A hard-working Mexican immigrant was struck and killed by a ruthless hit-and-run driver near a Brooklyn intersection last week — leaving the man dead the same way his father did four decades earlier.
According to the NYPD, Felix Mendez, 49, of Lafayette Avenue, was walking through the intersection of Lafayette and Bedford Avenue around 3 a.m. Thursday when he was struck by a car.
Instead of stopping, police said, the driver drove north toward Bedford, leaving behind a critically injured Mendez.
He was taken to NewYork-Presbyterian Brooklyn Methodist Hospital in critical condition and was later pronounced dead.
Mendez’s 45-year-old friend and neighbor, Alejandro Flores, told The Post that his friend died in the same manner as his father, who was killed in a hit-and-run in Mexico 40 years ago.
“His father was riding a bike and died due to drunk driving,” Flores said of Mendez, who was just 8 years old at the time. “Somebody came to her house and said to her mother, ‘Your husband has died on the road.’
“He always remembered that,” Flores added. “Now it’s the same for him. It is very sad.”
The victim’s 40-year-old nephew, Francisco Mendez, said he had already told his uncle’s four siblings, who live in Mexico, and his son, Leonardo, who lives in California, about her passing.
“Leonardo, he is 22 years old. He started crying. He can’t talk, he’s crying,” said Francisco Mendez. “They talked very regularly. They never went more than two weeks apart. They’re very close. Felix died a long time ago (from the mother). They were separated, but he always takes care of his son.
Flores said he and Felix Méndez became close while working at a restaurant on Broad Street in the late 2000s — “I gave him that job, we were the only Mexicans here,” he said.
Felix Mendez, who came to the United States around 1999, was raising money to build a house in Puebla, Mexico, on which he had been working for the past three years.
Ultimately, Flores said, he wanted to go back to Mexico and become a pig farmer.
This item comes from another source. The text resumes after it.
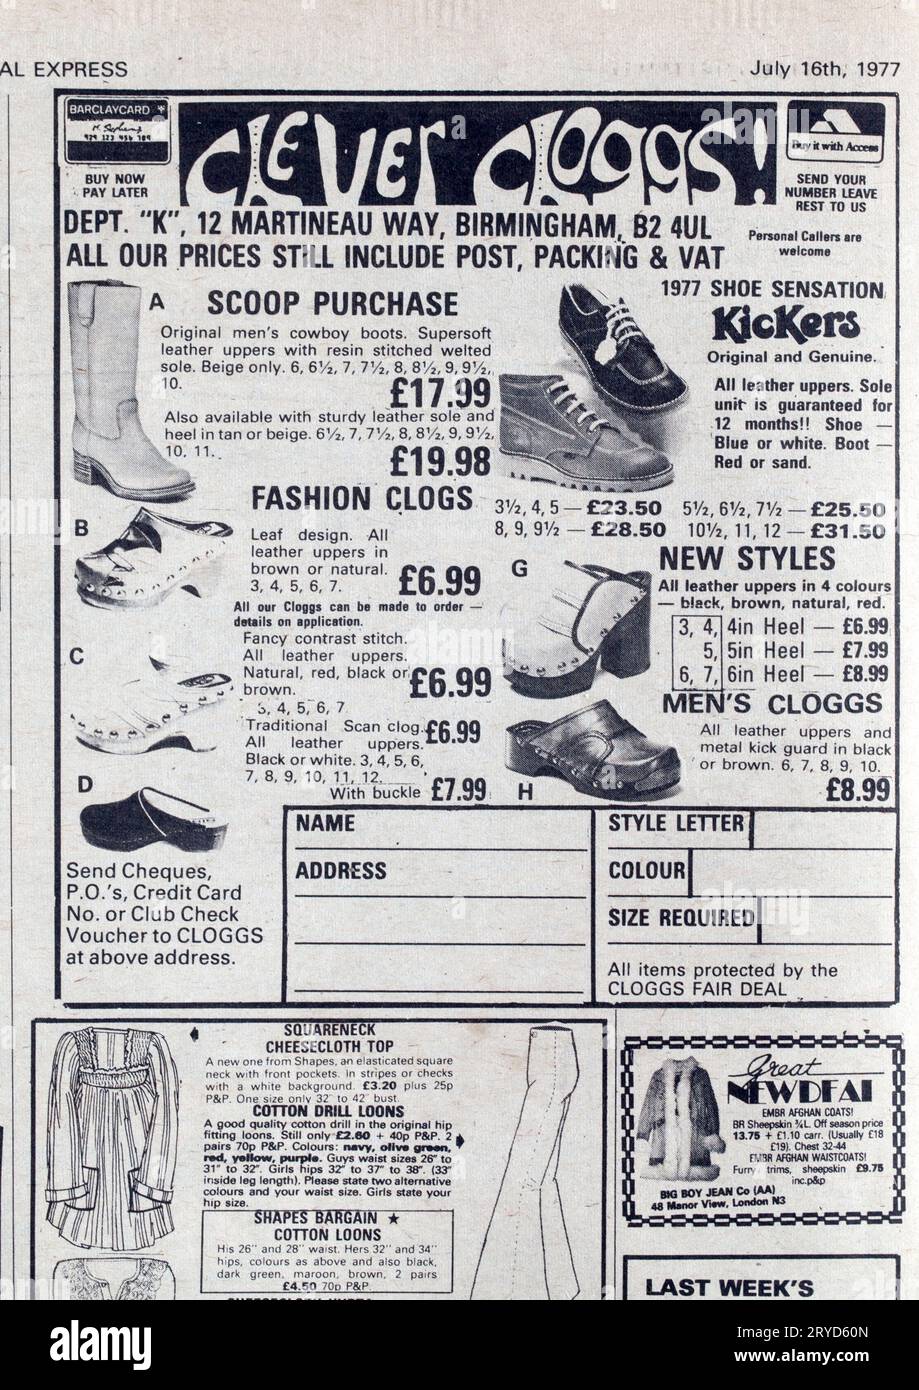 Publicité pour les vestes en cuir punk dans le numéro des années 1970 de NME New musical Express Music Paper Banque D'Images

But work was going slowly, as Félix Méndez was often withdrawing money to send his son out west.
“Everybody’s dream is to do this: make money and create for themselves,” Flores said. “And he did it! The only delay he had was the money he was sending to his son. …He stopped building the house only when he had to send this money.”
Flores remembered Felix Mendez as an incredibly hard worker who spent many long hours and late nights at his two restaurant jobs.
But he also tried to keep himself fit and hit the track three days a week, no matter what he was doing the night before.
Flores said, “Felix worked very, very hard – he never stopped working.” “Even after working late at night, he would wake up at 7 in the morning and run on the nearby track.”
Both hoped to one day run the New York City Marathon.
“The marathon passes right here, and every year we sit here and say, ‘We’re going to do this,'” Flores said. “But the time is coming, and we are working seven days a week and we are not getting time to train. So we’ve been saying we want to do that, but we haven’t done it.”
Nephew Francisco Mendez said they were trying to send his uncle’s body home to Puebla. But raising enough money to do so has been difficult.
“We’re just doing it through people we know, $5 here, $10 there,” he said. “It is very difficult.”